Директриса, сидящая на глубоком стуле около камина, никому не помогала. Один за другим всплески разговора затухли, оставив одного тенора, голос которого обычно плывёт в качестве сольного инструмента, выполняющего каденцию, когда оркестр затих:

— Казнь виновного является неприятным событием, но не настолько выводящим из равновесия, как убийство невиновных. Если вы хотите моей крови, то позвольте дать вам более подходящее оружие против меня.

Он огляделся и, обнаружив, что все, кроме мисс Пайк, сидят тихо, сделал краткую вопросительную паузу, которая была похожа на вежливость, но которую Харриет мысленно классифицировала как «хороший театр».

Мисс Пайк проследовала вперед к большой софе у окна рядом с мисс Хилльярд и, усевшись в уголке, сказала:

— Вы имеете в виду жертвы убийцы?

— Нет, — сказал Питер, — Я имел в виду свои собственные жертвы.

Он сел между мисс Пайк и мисс Бартон и продолжил приятным доверительным тоном:

— Например, я узнал, что молодая женщина ради денег убила старуху. Это не имело очень большого значения: старуха в любом случае умирала, а девушка (хотя она этого и не знала) в любом случае наследовала деньги. Как только я вмешался, девушка вновь принялась за работу и убила двух невинных человек, чтобы замести следы, а затем сделала попытку убить ещё троих. Наконец, она убила себя. Если бы я оставил её в покое, возможно, была бы только одна смерть вместо четырёх.

— О, Боже! — сказала мисс Пайк. — Но женщина была бы на свободе.

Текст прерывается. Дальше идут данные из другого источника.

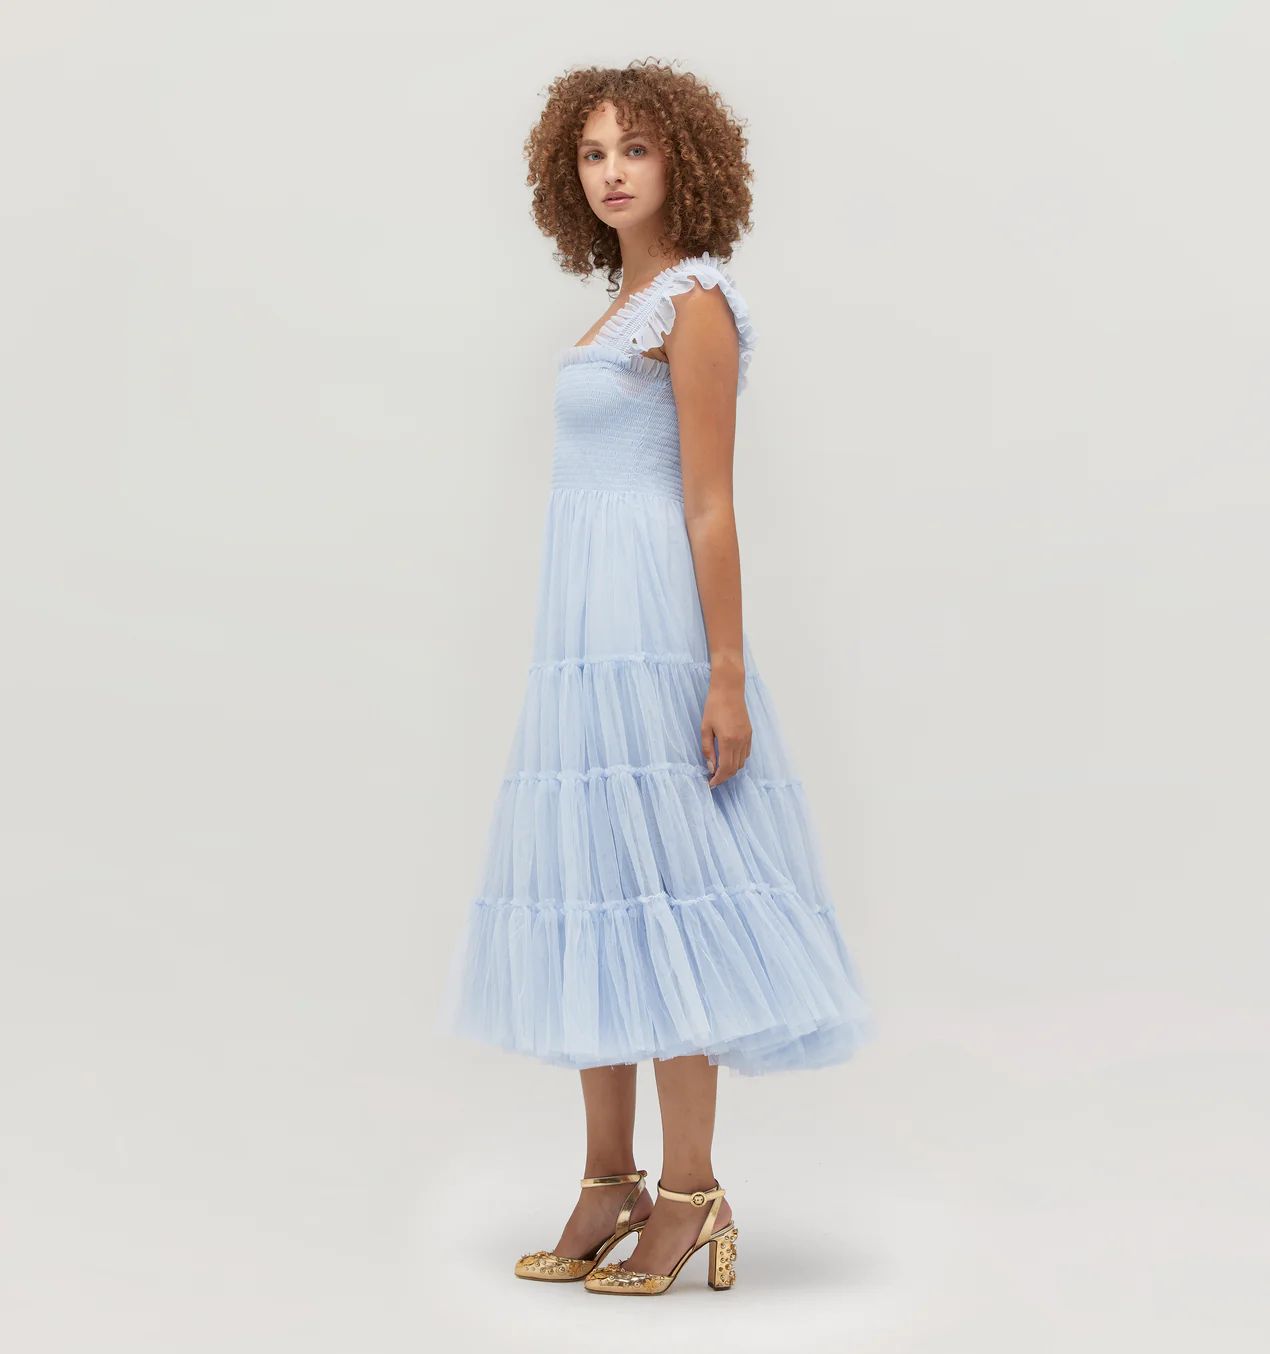 The Tulle Ellie Nap Dress - Powder Blue Tulle | Hill House Home

— О, да. Она не была хорошей женщиной и она оказывала плохое влияние на некоторых людей. Но кто убил тех двух невинных: она или общество?

— Они были убиты, — сказала мисс Бартон, — из-за её страха перед смертной казнью. Если бы эту несчастную женщину стали лечить, они и она сегодня всё ещё были бы живы.

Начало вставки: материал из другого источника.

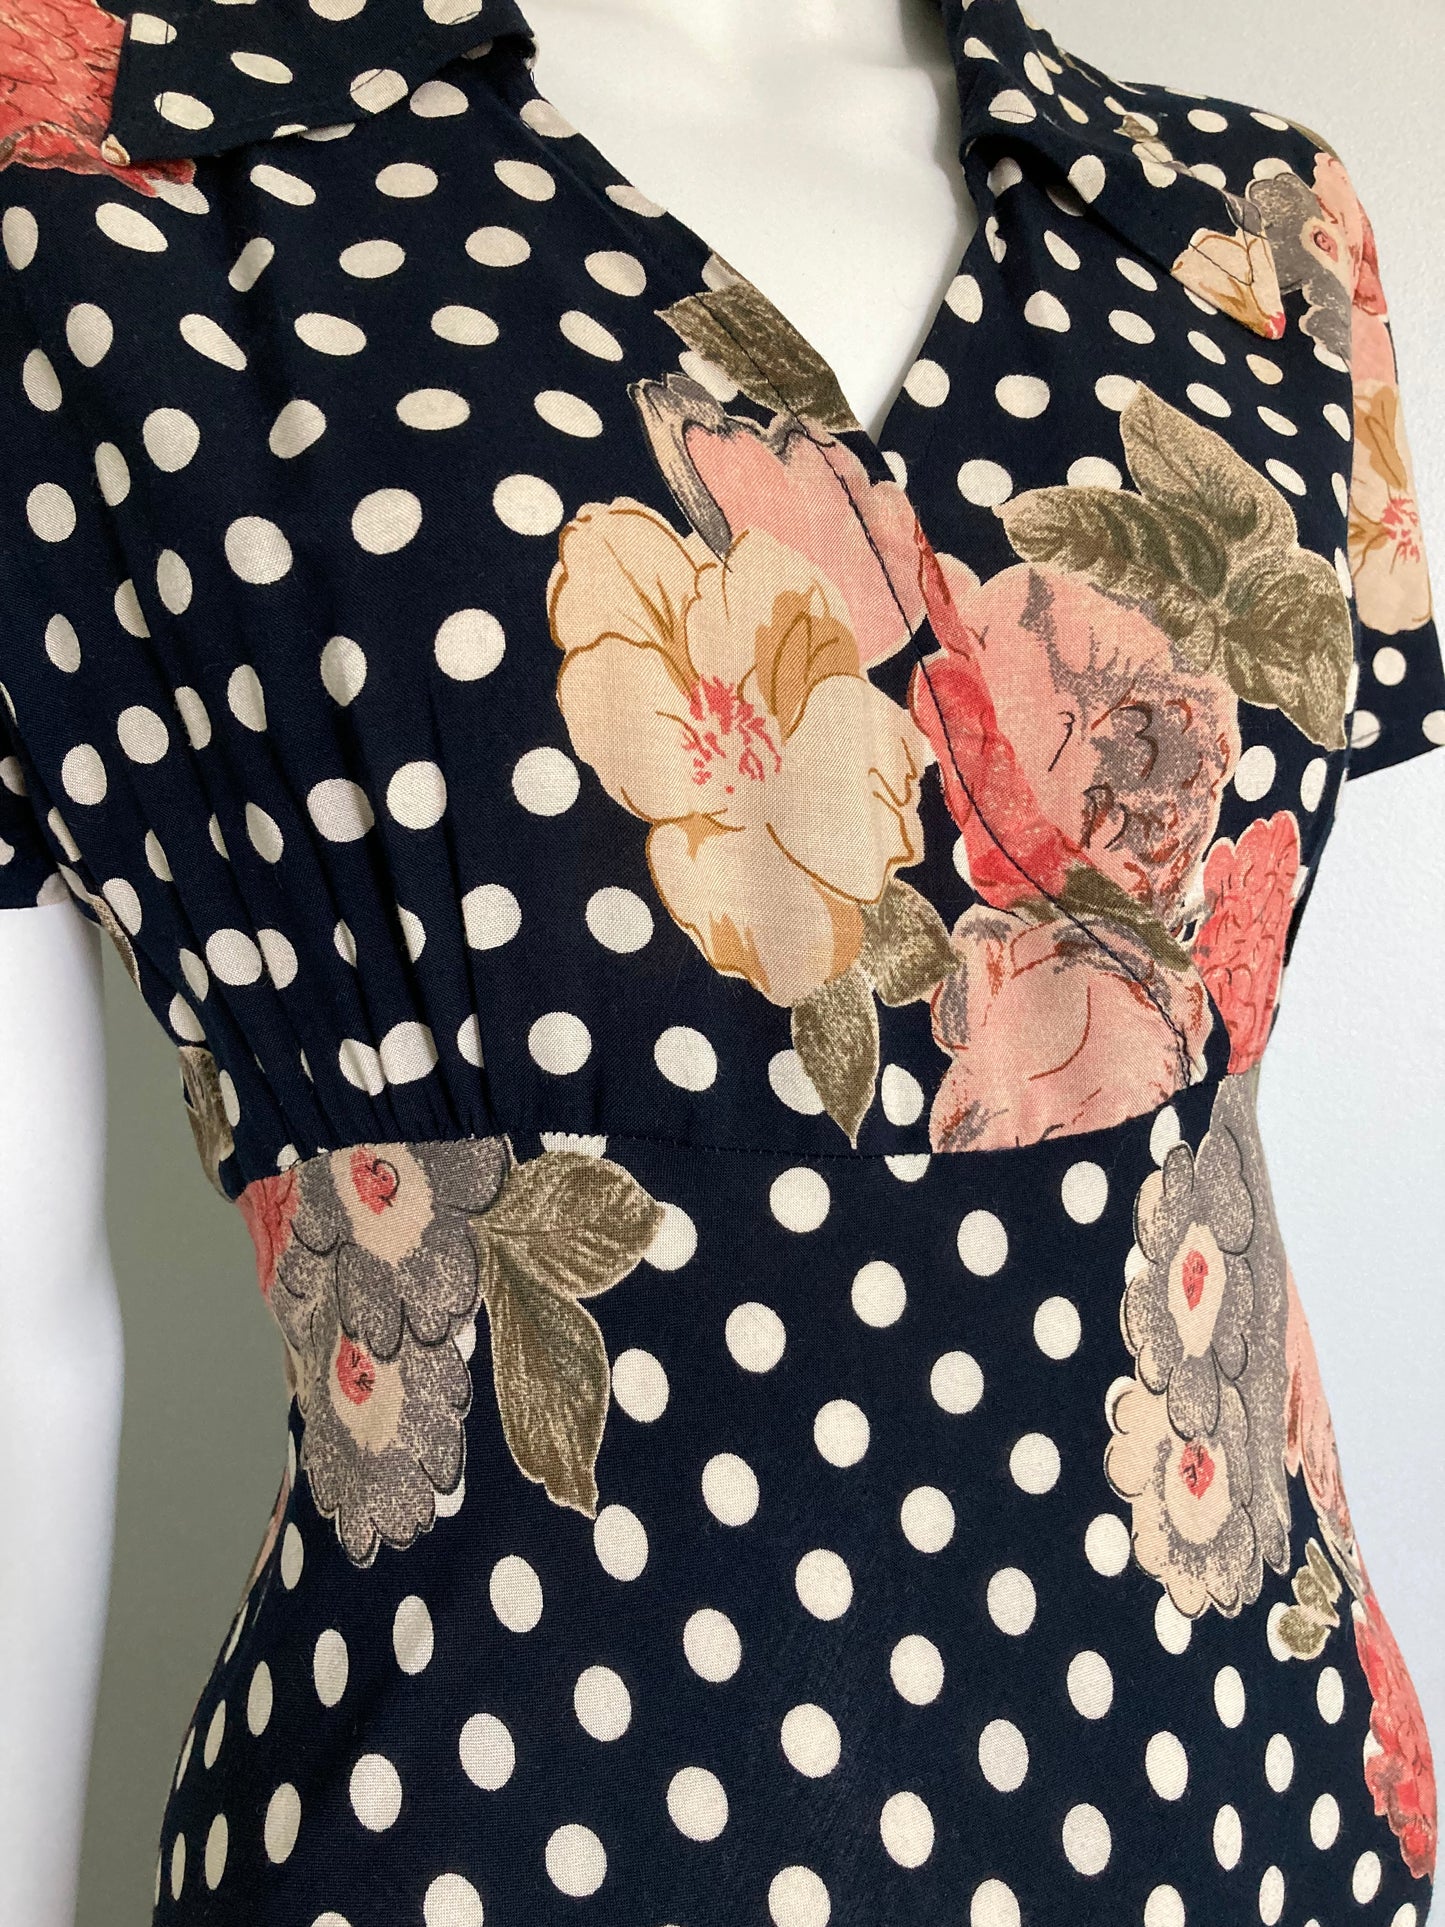 90s Does 40s Bias Cut Rayon Floral Dress with Polka Dots, Size M

— Я же сказал, что даю вам хорошее оружие. Но не всё так просто. Если бы она не убила тех других, то мы, вероятно, никогда бы её не поймали, и она, естественно не подвергаясь никакому лечению, жила бы припеваючи и сбила с пути истинного ещё одного или парочку людей, если вы считаете, что это имеет какое-то значение.

— Я так понимаю, что вы считаете, — сказала директриса, в то время как мисс Бартон упрямо продолжала цепляться за эту проблему, — что те невинные жертвы погибли ради людей, то есть оказались принесены в жертву социальному принципу.

— Во всяком случае, вашим социальным принципам, — сказала мисс Бартон.

— Спасибо. Я думал, что вы собирались сказать «моей любознательности».

— Я, возможно, так и сказала бы, — откровенно согласилась мисс Бартон. — Но вы заявляете о принципе, поэтому будем придерживаться его.

— А кто были те три других, на кого напали? — спросила Харриет. (У неё не было ни малейшего желания позволить мисс Бартон слишком легко выйти сухой из воды.)

— Адвокат, мой коллега и я сам. Но это не доказывает, что у меня есть какие-то принципы. Я вполне могу быть убитым ради забавы. А кто нет?

— Понимаю, — сказала декан. — Смешно, что мы становимся настолько серьёзными в вопросах об убийствах и казни и почти не протестуем против опасностей, связанных с ездой на автомобилях, плаванием, альпинизмом и так далее. Я полагаю, что мы действительно предпочитаем умирать ради забавы.